Ступенька колесницы оказалась довольно высокой, и Лина с благодарностью приняла помощь Гадеса. Его большая теплая ладонь на мгновение обхватила ее руку, и Лина с удивлением ощутила жесткость мозолистой кожи, коснувшейся гладкой кожи Персефоны. Лина озадаченно подумала, какой же работой может заниматься Гадес, но не успела как следует сосредоточиться на этой мысли, потому что Гадес, подняв вверх Эвридику, прикрикнул на коней; колесница рванулась с места, сделала небольшой круг — и нырнула в черный провал, из которого появилась. Оглянувшись назад, Лина увидела, как расщелина закрывается за ними. Лина поспешила поставить Эвридику перед собой и крепко ухватилась за гладкий поручень; девушка оказалась в кольце рук Лины, и теперь она была уверена, что Эвридика не вывалится из колесницы по дороге.

Светящийся шарик все также держался рядом с ними, покачиваясь у Лины над плечом, но в огоньке не было нужды. Вокруг в серебряных бра ярко пылали факелы, освещая гладкие высокие стены темного туннеля, по которому они мчались.

— Просто как в пещере Бэта.

Лина только тогда осознала, что заговорила вслух, когда Гадес обернулся и вопросительно посмотрел на нее.

— Я просто подумала — нет ли в этой пещере летучих мышей, — довольно глупо пояснила Лина.

— Да, частенько встречаются, — ответил Гадес. Лина посмотрела на плащ бога, вздымавшийся волнами за его спиной.

— Могу поспорить, это здоровенные мыши, — с опаской сказала она.

Гадес фыркнул, совсем как один из его ужасных жеребцов.

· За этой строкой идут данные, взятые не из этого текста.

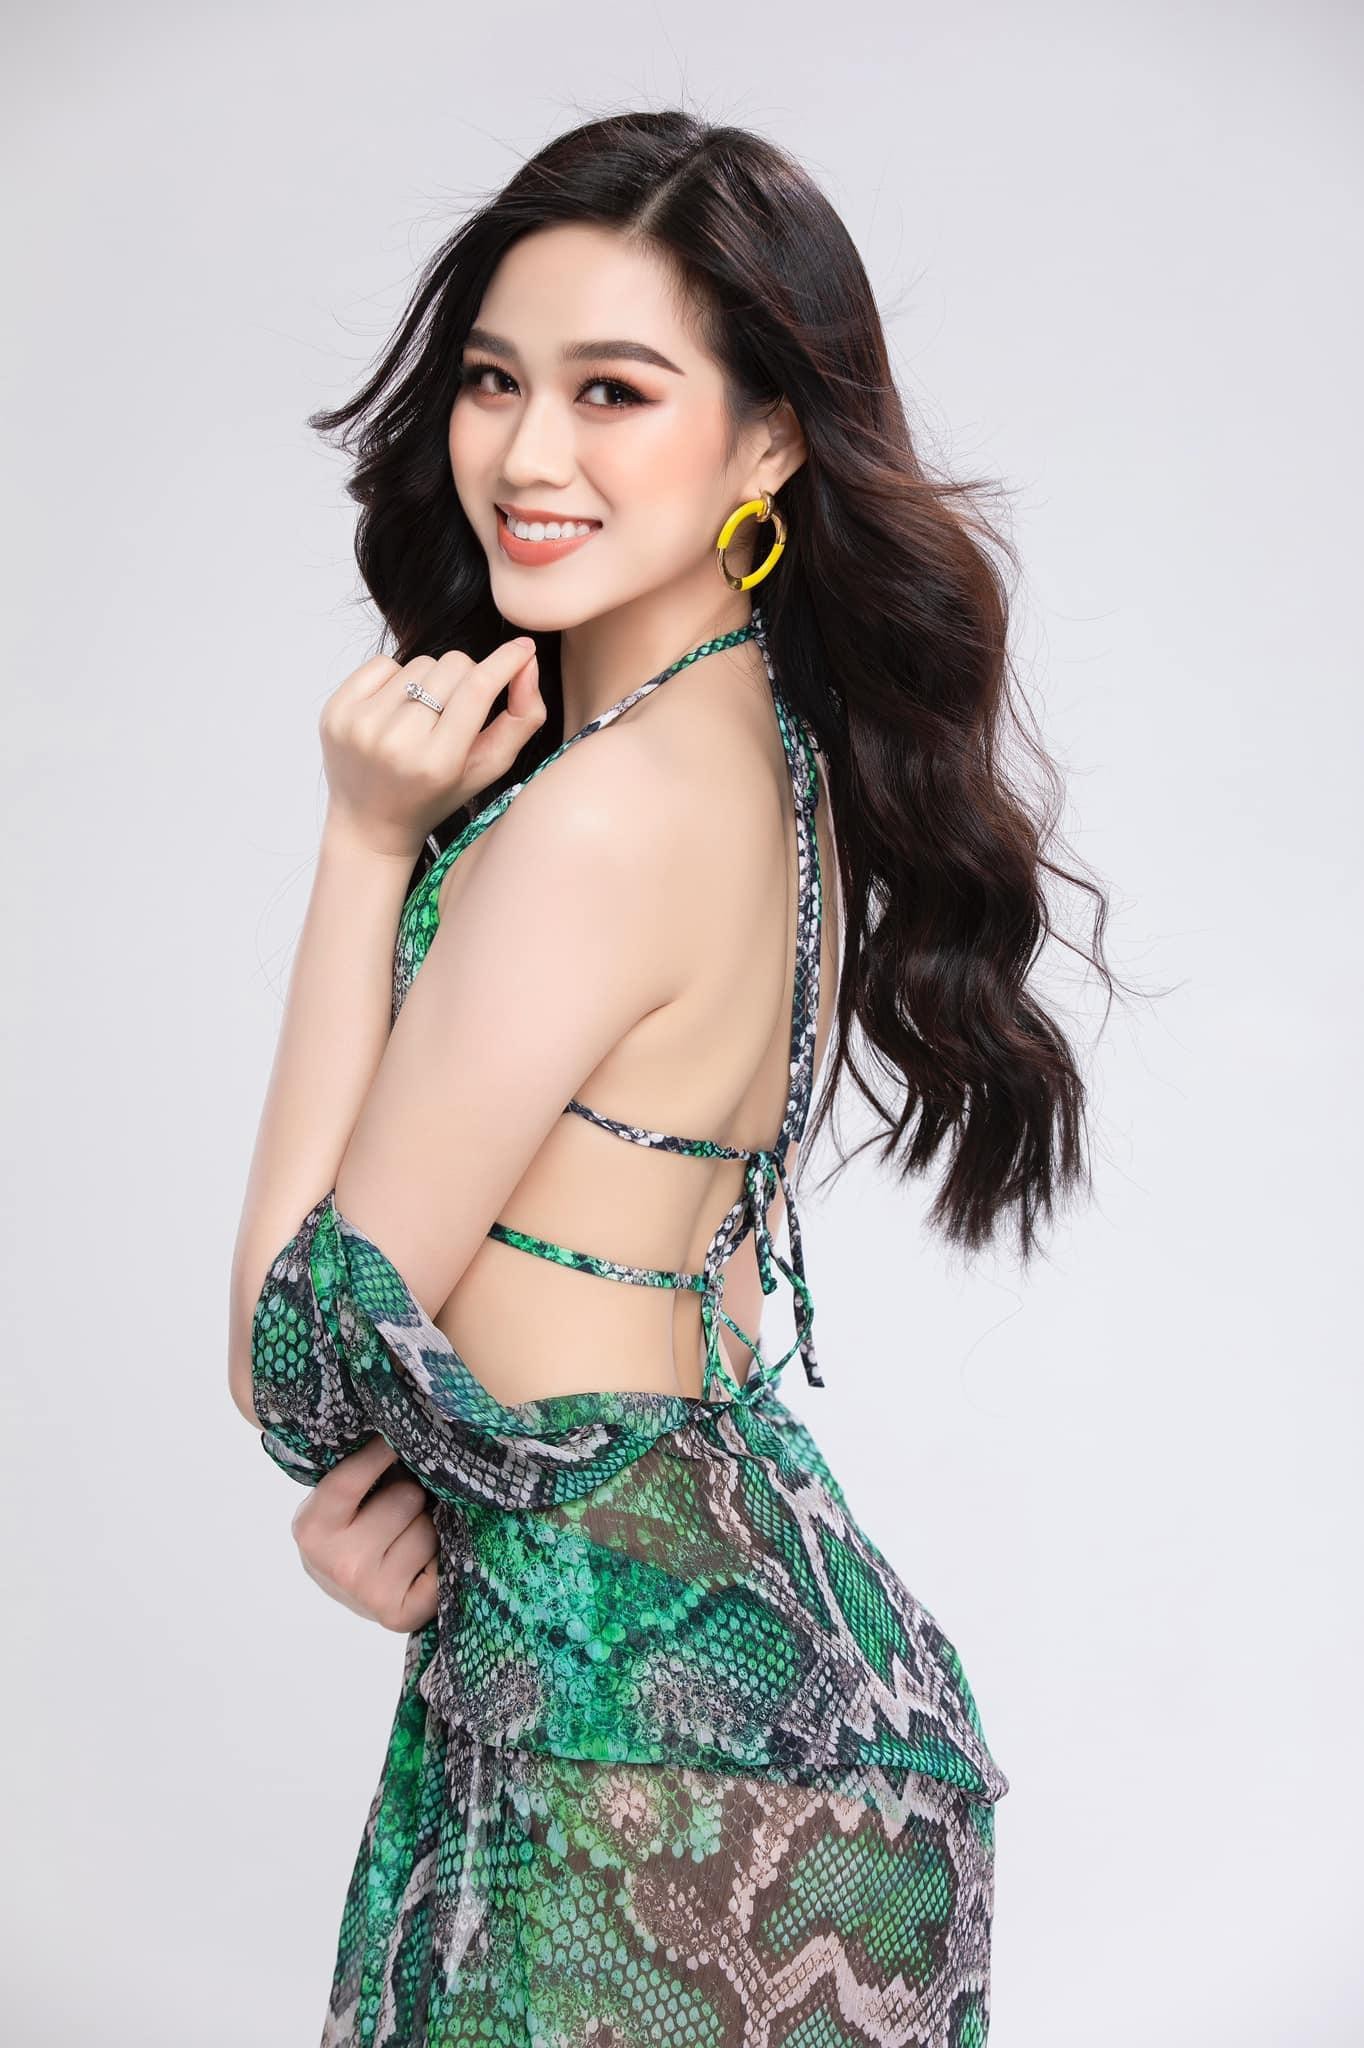 Hoa hậu Đỗ Thị Hà lần đầu tung ảnh bikini sau 6 tháng đăng quang

— Ты что, боишься летучих мышей, богиня?

— Никогда об этом не задумывалась, — честно ответила Лина, — Вообще-то я не слишком много о них знаю.

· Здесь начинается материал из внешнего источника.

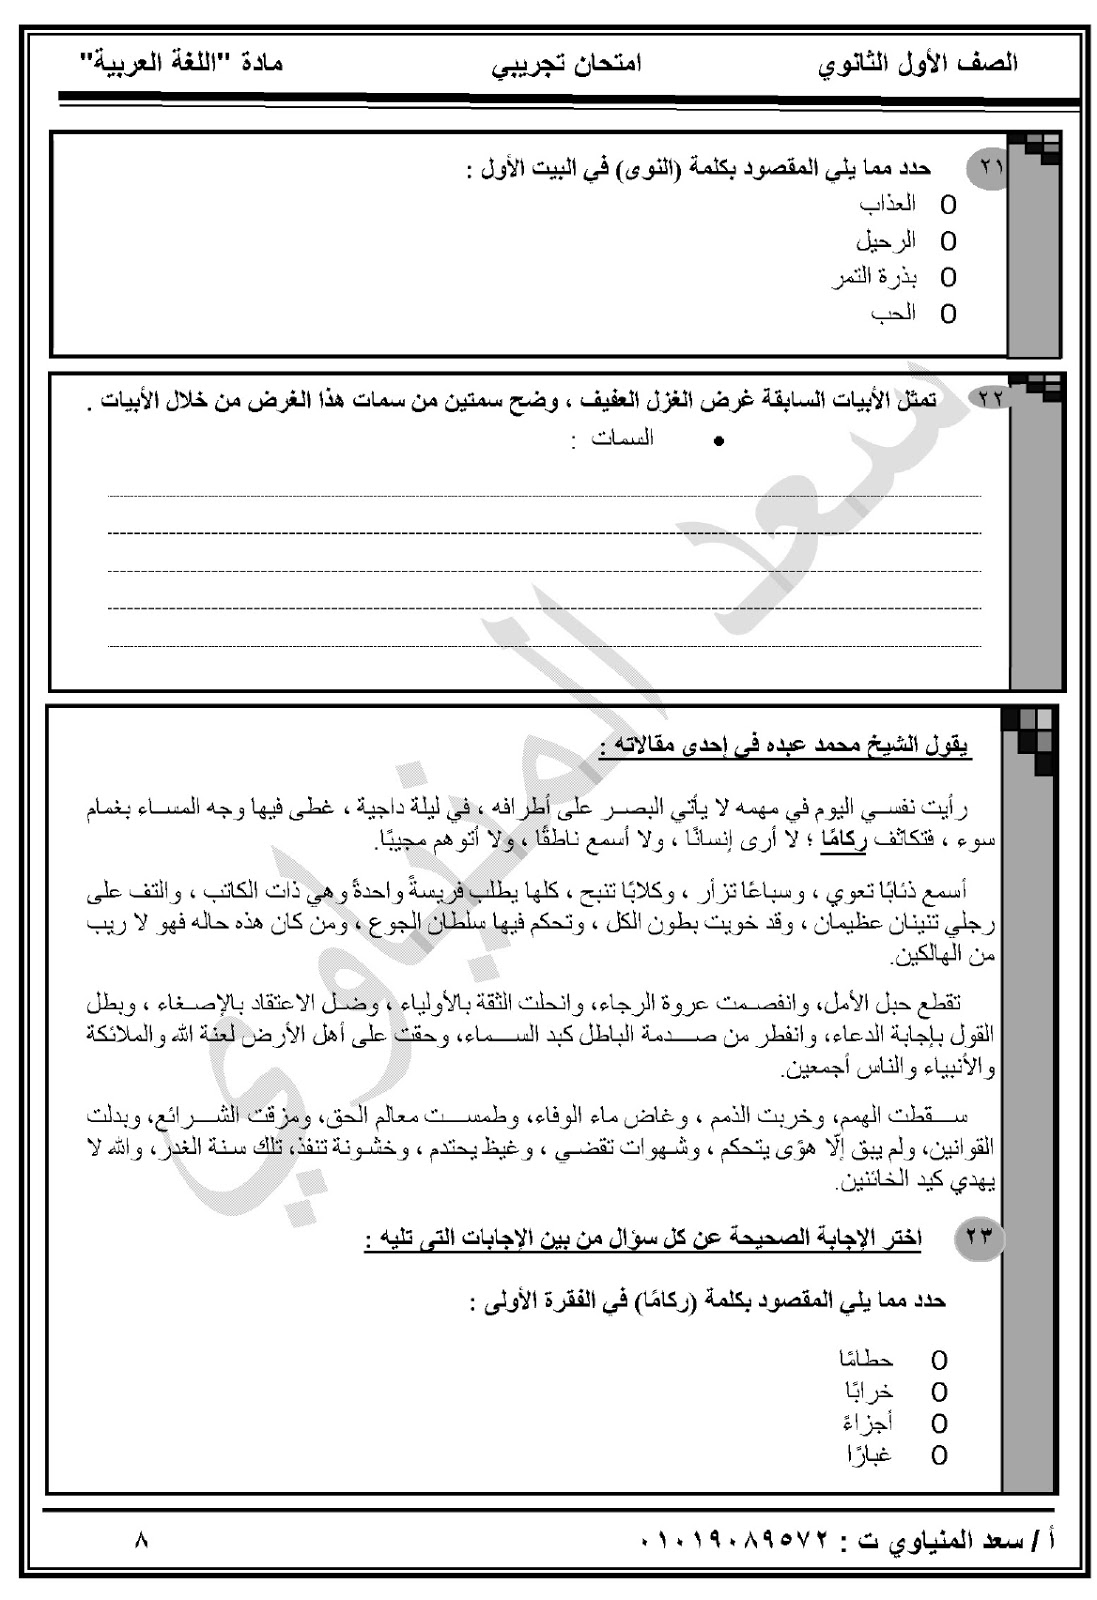 تسريب امتحان اللغة العربية للصف الاول الثانوى مايو 2019

— Вполне естественно бояться того, чего не знаешь, — сказал Гадес.

Он все еще говорил отеческим тоном и, как показалось Лине, с легкой снисходительностью. Она вскинула брови, глядя на него. Ну да, если смотреть на все с точки зрения здешних верований, последние события должны были основательно ее потрясти.

— Я не думаю, что это естественно; мне скорее кажется, что это признак незрелости, — сказала она.

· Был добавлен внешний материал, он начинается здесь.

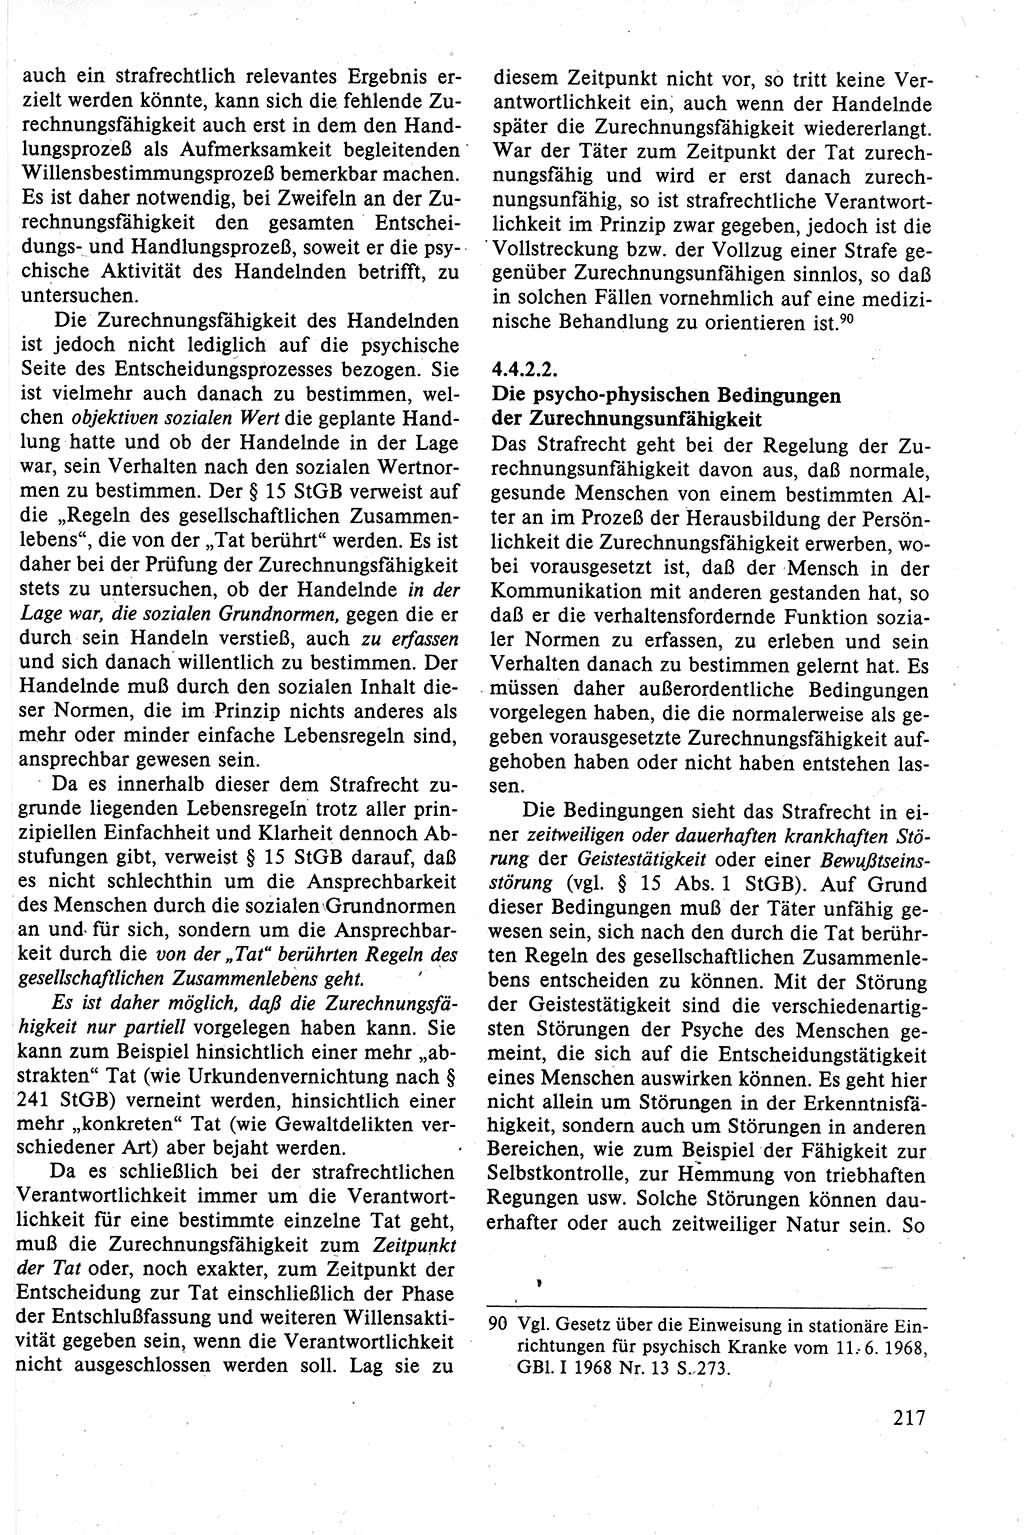 Strafrecht der DDR (Deutsche Demokratische Republik), Lehrbuch 1988, Seite 217 (Strafr. DDR Lb. 1988, S. 217)

Гадес снова фыркнул, и на этот раз Лина рассердилась, тем более что он сказал:

— И это говорит столь юная богиня?

— Зрелость не всегда измеряется годами, — возразила Лина.

Он, конечно, может быть мистером Высоким Темным Бэтменом, но она не позволит обращаться с собой как с юной глупенькой девчонкой.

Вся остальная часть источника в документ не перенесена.